── Records to process ──
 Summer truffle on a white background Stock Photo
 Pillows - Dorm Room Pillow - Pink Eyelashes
───
── Records to process ──
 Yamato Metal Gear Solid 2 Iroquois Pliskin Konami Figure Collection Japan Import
───
#### What you need to do
The expected answer is an exact copy of the lines above, beginning at the line with "Summer truffle on" and ending at the line with "Pillows - Dorm Room Pillow - Pink Eyelashes", with both ends in.

#### Reply
 Summer truffle on a white background Stock Photo
 Pillows - Dorm Room Pillow - Pink Eyelashes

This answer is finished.